Stumped on these math problems...HELP PLZ?

4) find the values of x for which the equation is true. you do this by setting each quantity equal to 0:

x-4=0...........................x+3=0

x=4..............................x=-3

x=4 and x=-3 are the roots of the equation. the positive root is x=4

9) first, write the equation in standard form:

2(x^2)-6x+0=0

2(x^2)-6x=0

now factor out 2x:

2x(x-3)=0

(2x)(x-3)=0

now set each quantity equal to 0:

2x=0......................x-3=0

x=0........................x=3

x=0 and x=3 are the roots of the equation.

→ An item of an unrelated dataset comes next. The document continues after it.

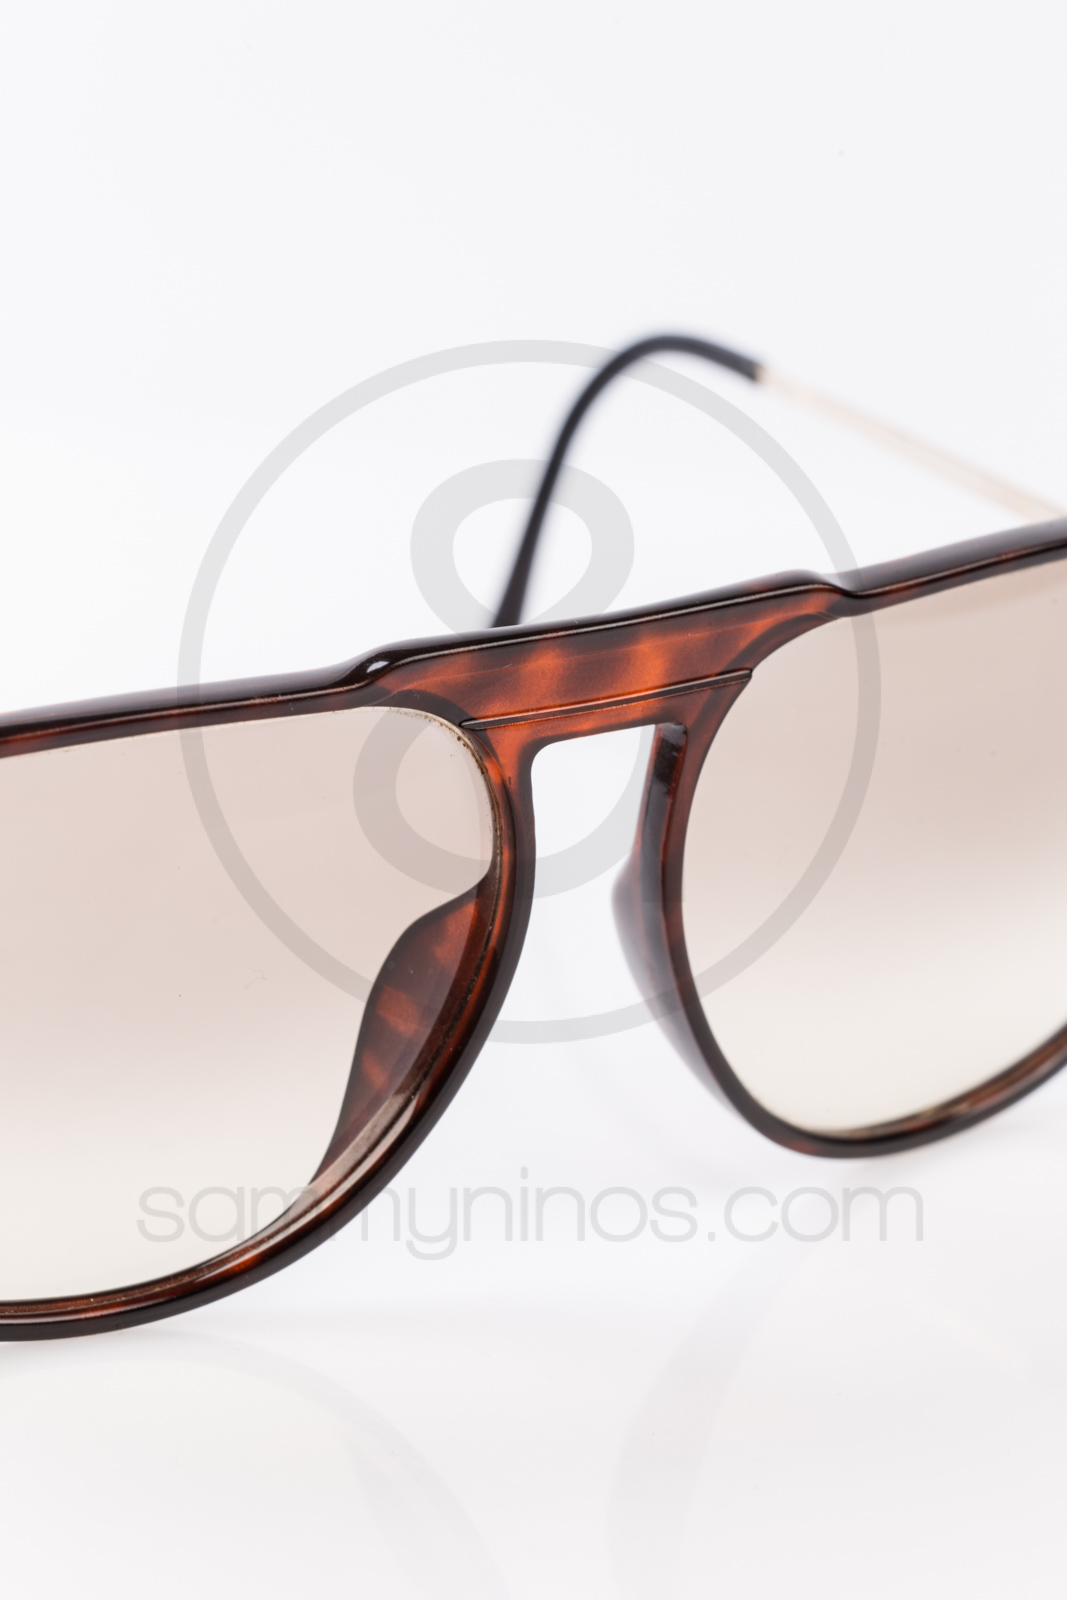 e0510fba160 Christian Dior Sunglasses Vintage
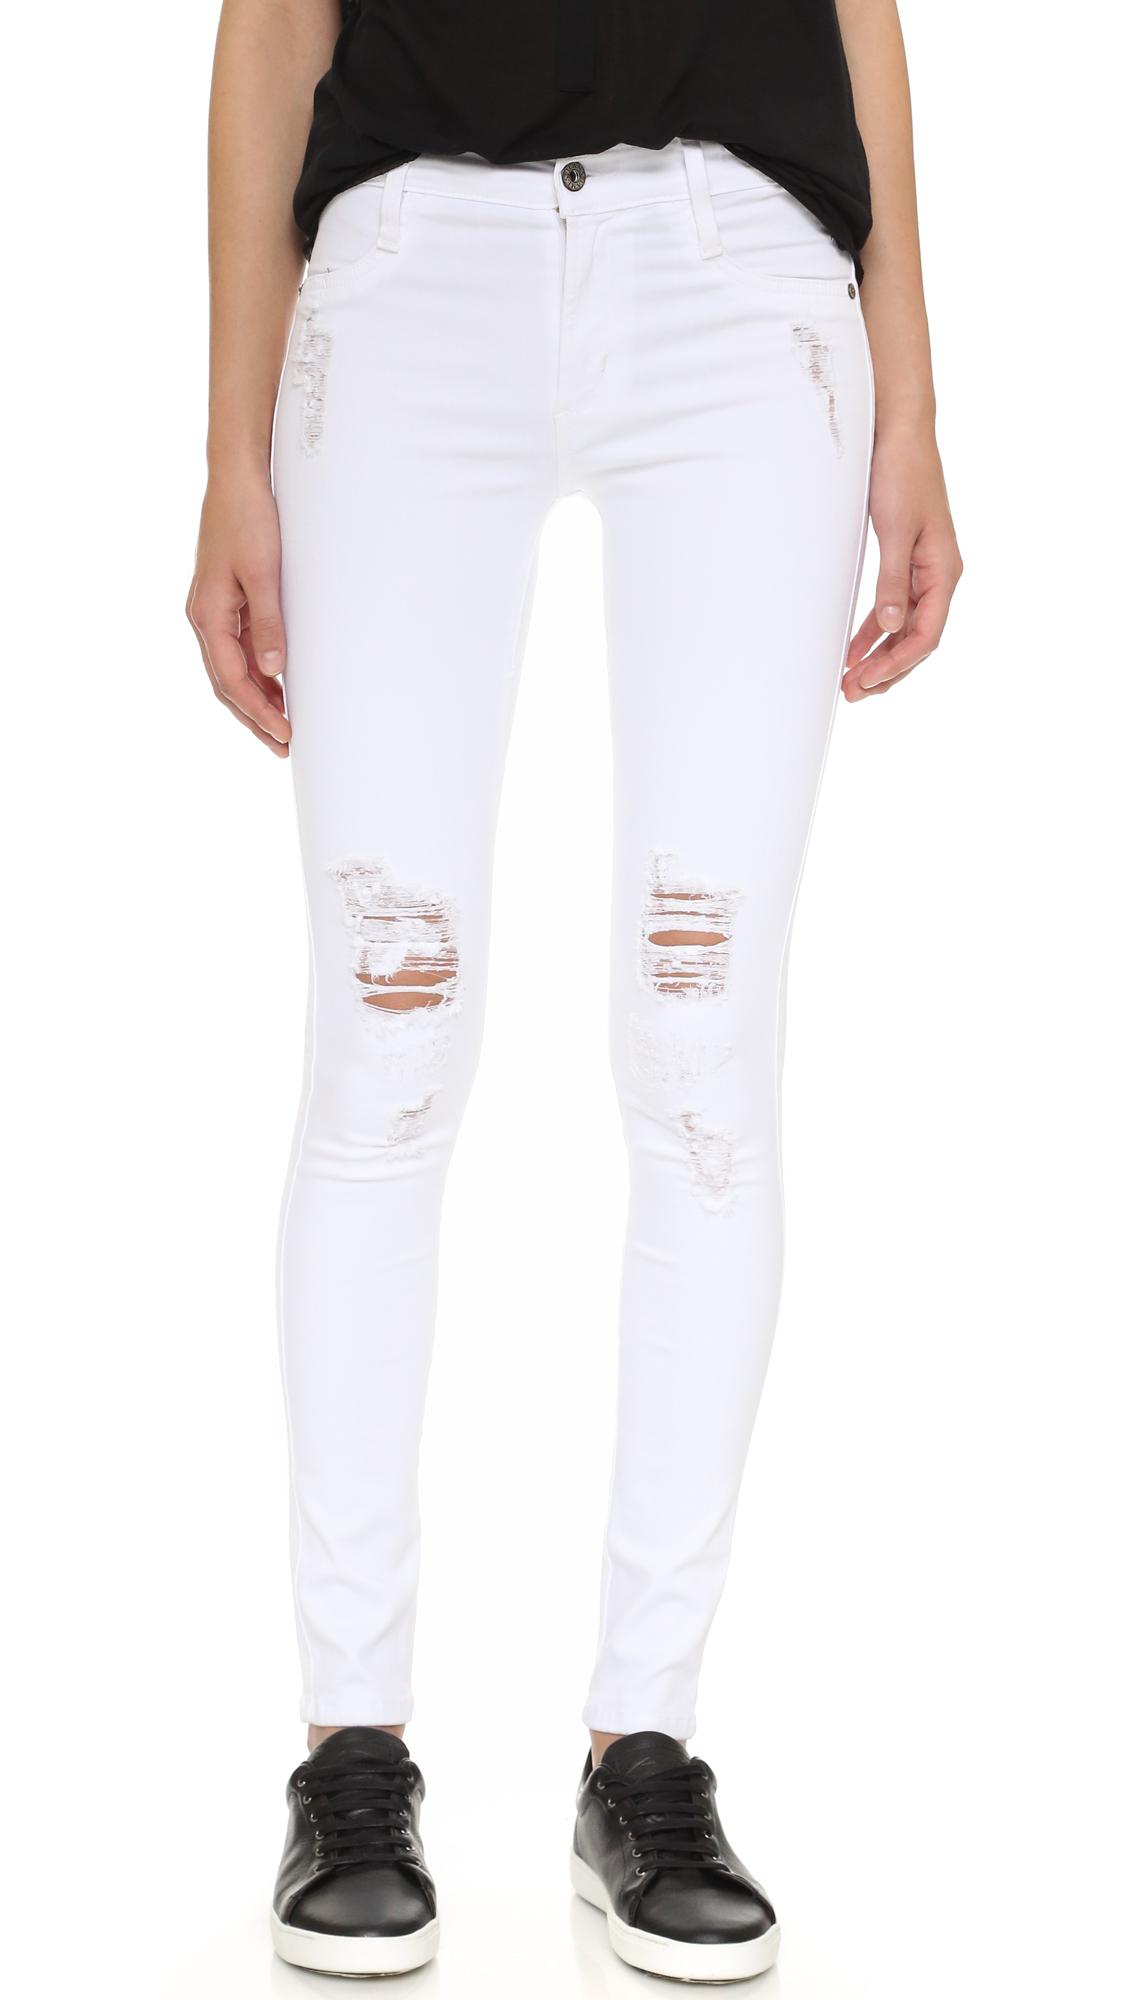 7d8a59f6622bb James Jeans Twiggy Ultra Flex Legging Jeans | SHOPBOP

11) this equation is a quadratic, and it is the difference of two squares. the factoring of it looks like this:

(x-7)(x+7)=0

now set each quantity equal to 0:

x-7=0...................x+7=0

x=7......................x=-7

x=7 and x=-7 are the roots of the equation. the positive root is x=7

another way: you could just: add 49 to both sides:

x^2=49

then take the square root of both sides (but because it's a quadratic, the square root will be ±):

x=±7

12) this equation is a quadratic, and it is the difference of two squares. the factoring of it looks like this:

(x-9)(x+9)=0

now set each quantity equal to 0:

x-9=0...................x+9=0

x=9......................x=-9

x=9 and x=-9 are the roots of the equation. the positive root is x=9

another way: you could just: add 81 to both sides:

x^2=81

then take the square root of both sides (but because it's a quadratic, the square root will be ±):

x=±9

4) x=4

9)2x^2 -6x = 0 ie 2x(x-3)=0 so x=0 or x=3

11) X^2=49 x=sqrt(49) x=7

12)similar to11

4. +4, the negative root would be -3

9. 2x = 6,; x = 3.

2(3)^2 = 6(3)

18 = 18

11. +7, and negative root would be -7

(x-7)(x+7)= 0

12. same technique as above. +9